The Threepenny Review

The Big One

AT NINETY years old, Ms. R had already survived two lung cancers. When she came to the VA radiation oncology clinic to consider treatment for what was probably a third, one part of the workup was missing: a biopsy of the tumor. It would have been risky—the procedure itself could have hospitalized her, or worse. At her first visit, she was wearing jeans, brightly colored plastic bracelets on both wrists, rings on all fingers except her thumbs, white hair cut short. She brought her sixty-year-old son, who was wearing a striped banker shirt, shirtsleeves rolled up to give a view of a scorpion tattoo on the inside of his right forearm. After introducing myself, I sat at the computer next to them and opened up the images from her recent PET scan.

“Some patients like to look at the scans,” I said. Not many veterans from the 1940s were women. “I was trying to figure this out. If you’re ninety, that means you were in—”

“That’s right,” she said. “The big one, baby.”

“Wow,” I said. “Back then, what kind of—”

“Quartermaster,” she said. “Shipping supplies.”

“Huh.” What else to say? “Should we look at your scans?”

Her son gave a nod.

“Here’s a PET scan from last month,” I said. “I’m not sure if you’ve seen this before.”
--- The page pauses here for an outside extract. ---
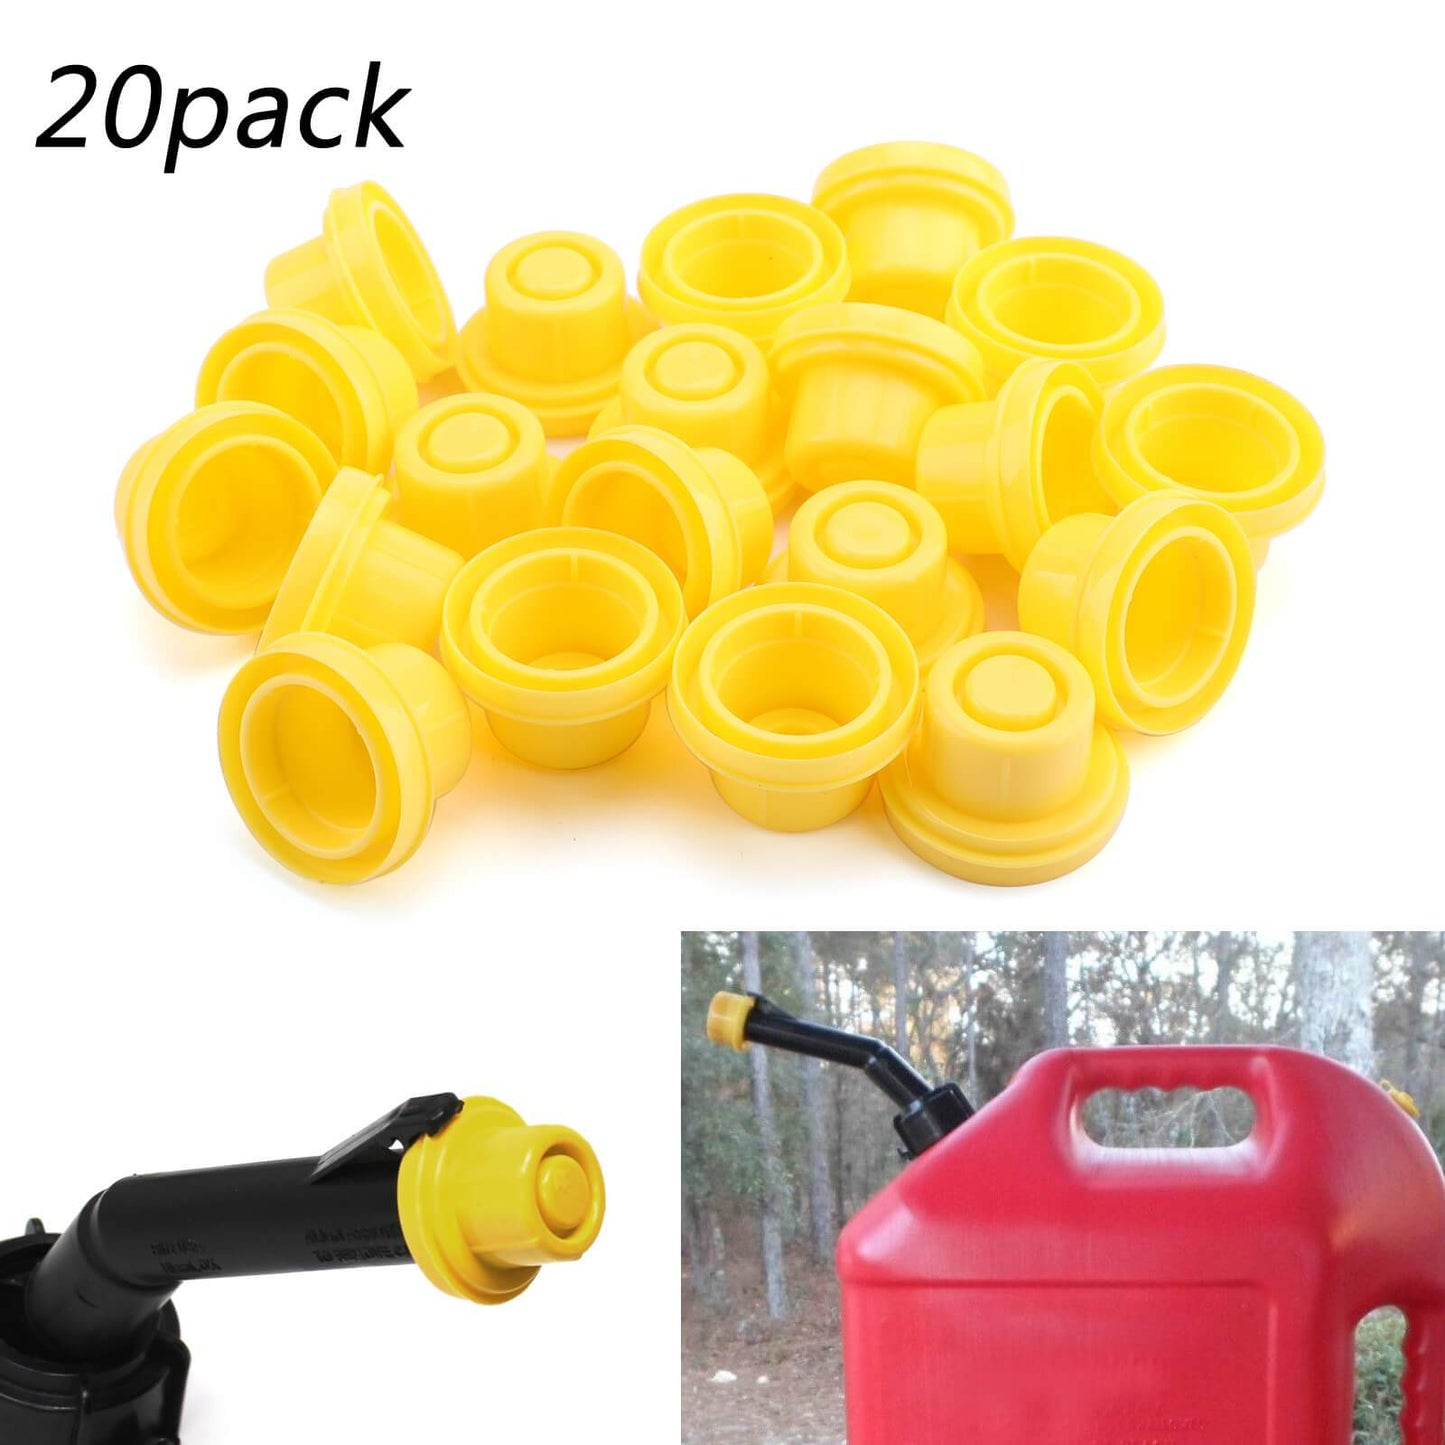 5x Replacement YELLOW SPOUT CAP Top For BLITZ Fuel GAS CAN 900302 900092 900094

“We haven’t,” her son said.

I rolled through the images of the scan until it showed a large orange mass in the middle of her chest. “In a former smoker with two previous lung cancers, those orange blobs in your chest represent lung cancer ninety-five percent of the time.”

She sat back. “What about the other five percent?”

“Infection, inflammation, scar, other lung diseases. It could be some other cancer: say, lymphoma. That would actually be better—lymphoma can be easier to treat.” I turned my attention from the computer screen to face her. “I don’t want to give you the wrong impression. This doesn’t look like a scar. Lymphoma would be unlikely. This looks like lung cancer.”